You Think Greece Has Problems? Latvia's Road to Serfdom

Antid Oto aorta at HOME.NL
Tue Feb 16 11:26:27 CET 2010


REPLY TO: D66 at nic.surfnet.nl

You Think Greece Has Problems?
Latvia's Road to Serfdom

By MICHAEL HUDSON and JEFF SOMMERS

February 15, 2010 "Counterpunch" -- While most of the world’s press
focuses on Greece (and also Spain, Ireland and Portugal) as the most
troubled euro-areas, the much more severe, more devastating and
downright deadly crisis in the post-Soviet economies scheduled to join
the Eurozone somehow has escaped widespread notice.
No doubt that is because their experience is an indictment of the
destructive horror of neoliberalism – and of Europe’s policy of
treating these countries not as promised, not as helping them develop
along Western European lines, but as areas to be colonized as export
markets and bank markets, stripped of their economic surpluses, their
skilled labor and indeed, working-age labor generally, their real
estate and buildings, and whatever was inherited from the Soviet era.

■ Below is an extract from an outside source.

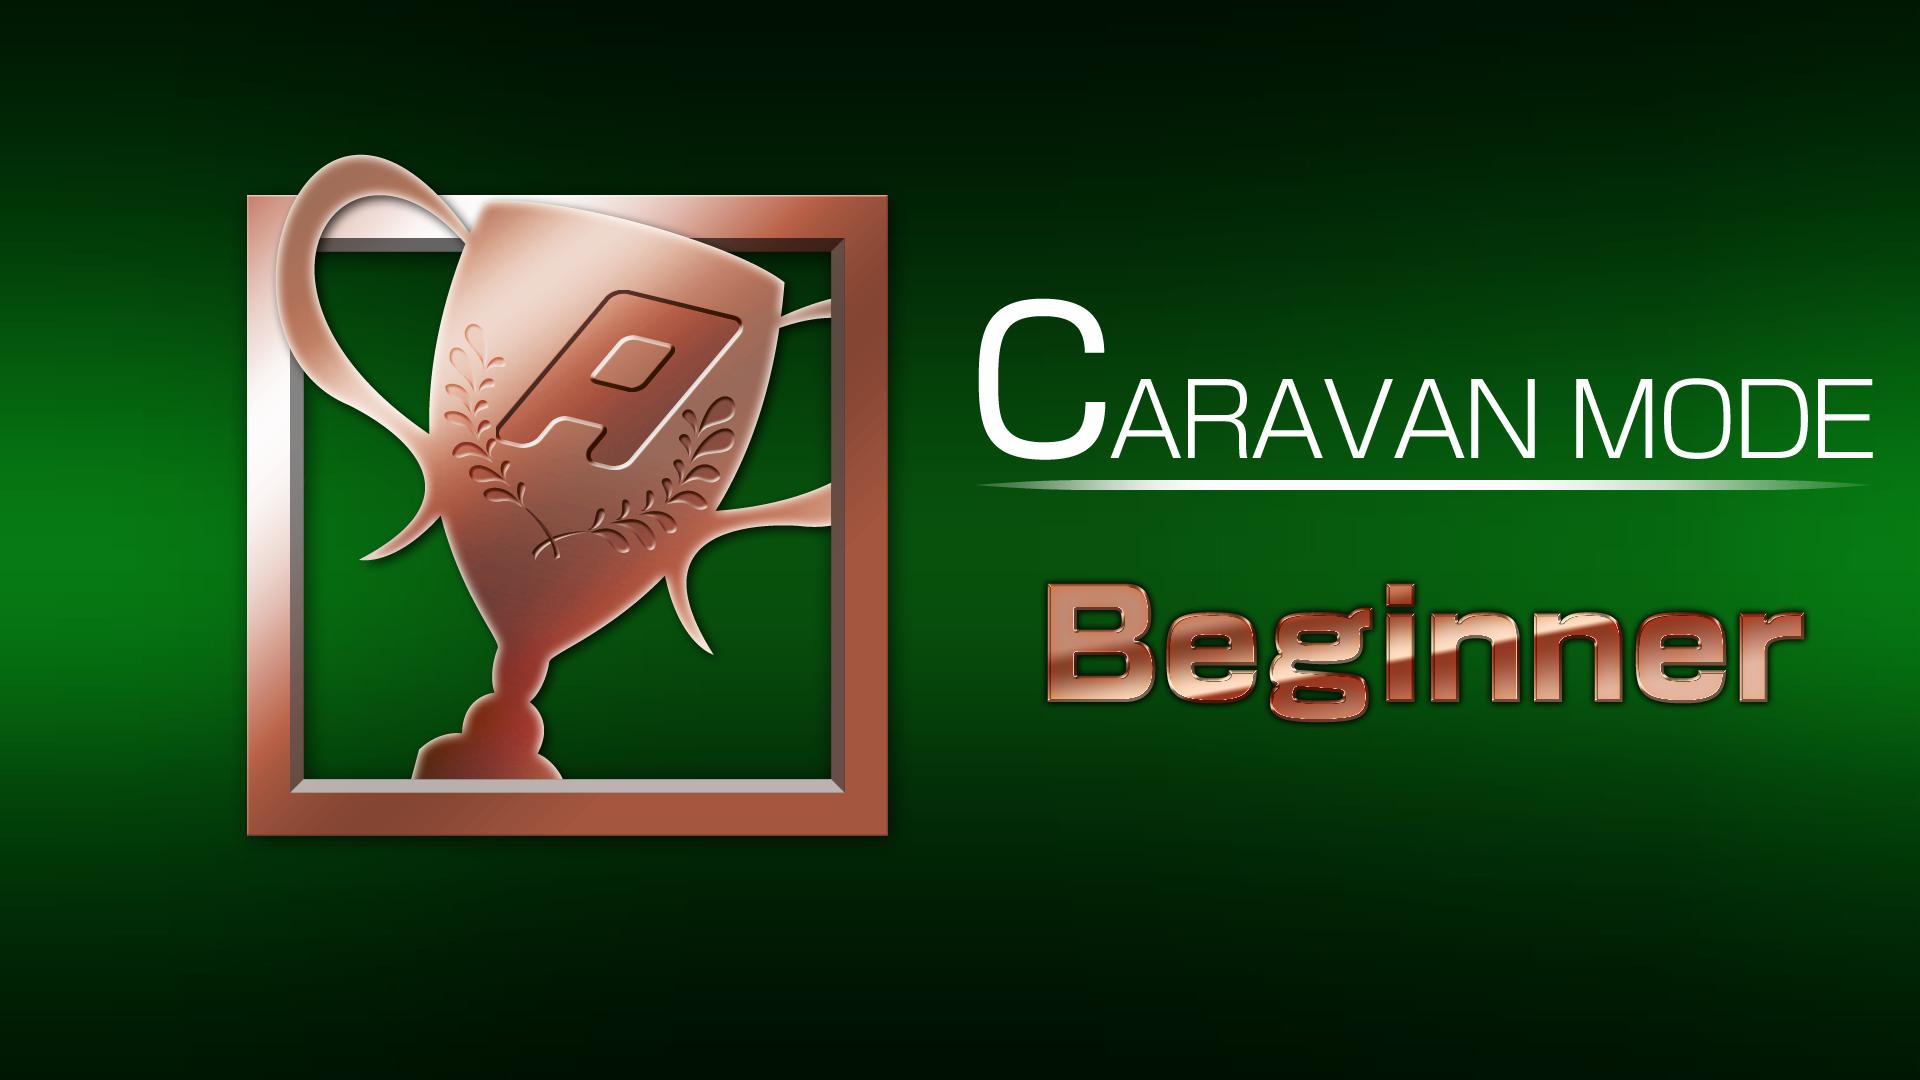 Icon for CARAVAN MODE 200 points
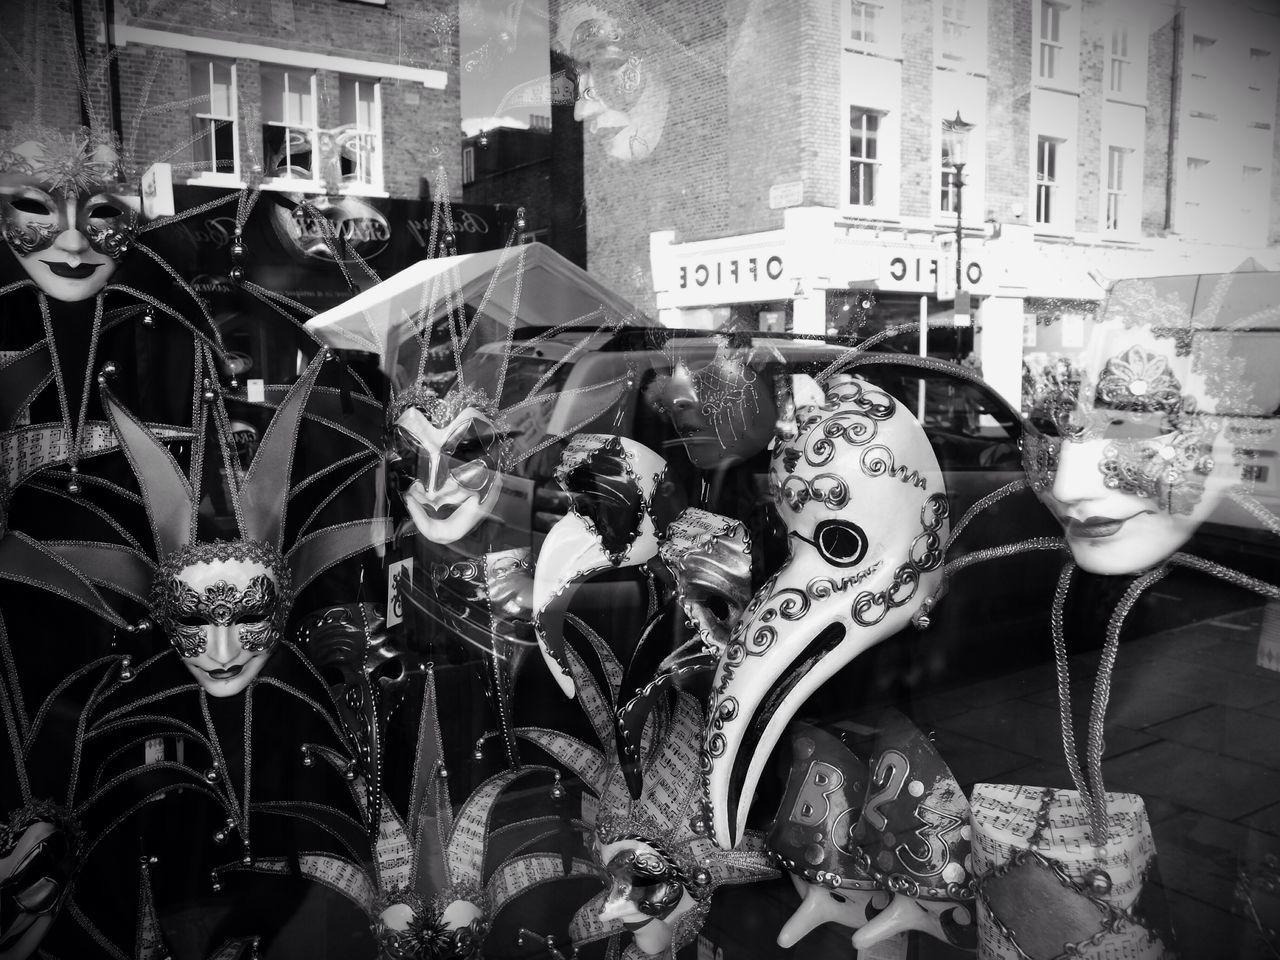 Reflections and masks, Portobello Road, London, U.K., Olympus Stevesevilempire Steve Merrick London Zuiko Uk Reflections Masks

Latvia has experienced one of the world’s worst economic crises. It is
not only economic, but demographic. Its 25.5 per cent plunge in GDP
over just the past two years (almost 20 per cent in this past year
alone) is already the worst two-year drop on record.  The IMF’s own
rosy forecasts anticipate a further drop of 4 per cent, which would
place the Latvian economic collapse ahead of the United States’ Great
Depression The bad news does not end there, however. The IMF projects
that 2009 will see a total capital and financial account deficit of
4.2 billion euros, with an additional 1.5 billion euros, or 9 per cent
of GDP, leaving the country in 2010.

Moreover, the Latvian government is rapidly accumulating debt. From
just 7.9 per cent of GDP in 2007, Latvia’s debt is projected to be 74
per cent of GDP for this year, supposedly stabilizing at 89 per cent
in 2014 in the best-case IMF scenario.  This would place it far
outside the debt Maastricht debt limits for adopting the euro. Yet
achieving entry into the eurozone has been the chief pretext of the
Latvia’s Central Bank for the painful austerity measures necessary to
keep its currency peg. Maintaining that peg has burned through
mountains of currency reserves that otherwise could have been invested
in its domestic economy.

Yet nobody in the West is asking why Latvia has suffered this fate, so
typical of the Baltics and other post-Soviet economies but only
slightly more extreme. Nearly twenty years since these countries
achieved freedom from the old USSR in 1991, the Soviet system hardly
can be blamed as the sole cause of their problems. Not even corruption
alone can be blamed – a legacy of the late Soviet period’s
dissolution, to be sure, but magnified, intensified and even
encouraged in the kleptocratic form that has provided such rich
pickings for Western bankers and investors. It was Western neoliberals
who financialized these economies with the “business friendly reforms”
so loudly applauded by the World Bank, Washington and Brussels.

Far lower levels of corruption obviously are to be desired (but whom
else would the West trust?), but dramatically reducing it would
perhaps only improve matters up to the level of Estonia’s road into
euro-debt peonage. These neighboring Baltic counties likewise have
suffered dramatic unemployment, reduced growth, declining health
standards and emigration, in sharp contrast to Scandinavia and Finland.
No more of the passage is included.